Islam And Jesus As Jewish Messiah – OpEd
If anything proves the validity of Occam’s Razor,i it’s contemplating the astounding attempts over two millennia to square Christianity’s circle, or rather triangle. Trinitarianism: one God existing in three coequal, coeternal, consubstantial divine persons: God the Father, God the Son (Jesus Christ) and God the Holy Spirit, three distinct persons (hypostases) sharing one essence/ substance/ nature. The ‘what’ is one, the ‘who’ is three.
The Old Testament has been interpreted as referring to the Trinity in many places.

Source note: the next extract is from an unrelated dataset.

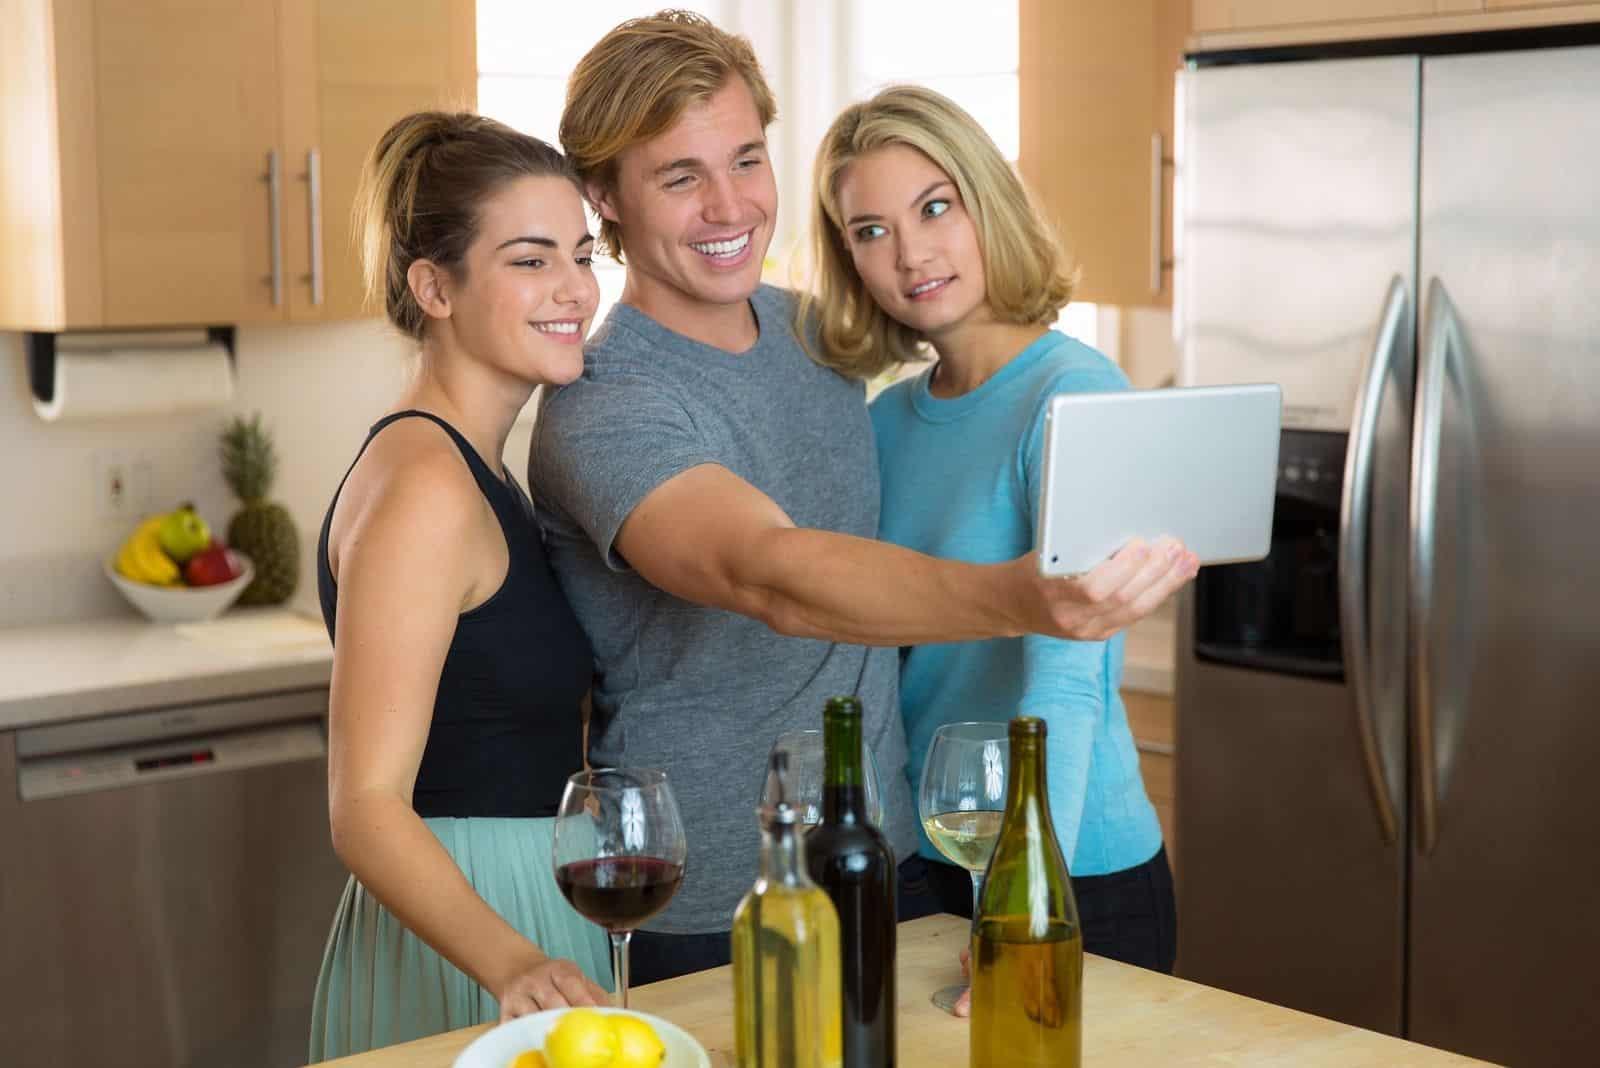 Frau ist eifersüchtig wie nah ihre Freundin ihrem Freund ist und ein Selfie macht

One of these is the prophecy about the Messiah in Isaiah 9. The Messiah is called ‘Wonderful, Counselor, Mighty God, Everlasting Father, Prince of Peace.’ Some Christians see this verse as meaning the Messiah will represent the Trinity on Earth. This is because Counselor is a title for the Holy Spirit (John 14:26), the Trinity is God the Father, Jesus, Son, the Prince of Peace, the Counselor Spirit.
But this trinitarianism is very different from the Hindu Brahma (creator), Vishnu (sustainer), Shiva (destroyer), or the Roman Diana.
It was only formulated in the 3rd c by Tertullian, based on the New Testament (NT) writings from the late 1st c/ early 2nd c. They contain several Trinitarian formulas, including Matthew 28:19, most clearly in 1 John 5:7. But modern Biblical scholarship largely agrees that 1 John 5:7, found in Latin and Greek texts after the 4th c and found in later translations such as the King James translation, cannot be found in the oldest Greek and Latin texts. Verse 7 is known as the Johannine Comma, which most scholars agree to be a later addition by a later copyist. This verse reads: Because there are three in Heaven that testify – he Father, the Word and the Holy Spirit – and these three are one. This verse is absent from the Ethiopic, Aramaic, Syriac, Slavic, Armenian, Georgian, and Arabic translations of the Greek New Testament. Ditto Matthew28. The debates later moved from the deity of Jesus Christ to the equality/ inferiority of the Holy Spirit with the Father and Son. Need I say more?
A perusal of Wikipedia page Nontrinitarianism (i.e., non orthodox Trinitarianism) identifies close to a hundred variations on the theme, trying to convince that 3 really is 1. My favorites:
*Arianism, popular until the Council of Nicaea, argued that the pre-existent Son of God was directly created by the Father, before all ages, and that he was subordinate to God the Father. Arius’ position was that the Son was brought forth as the very first of God’s creations, and that the Father later created all things through the Son.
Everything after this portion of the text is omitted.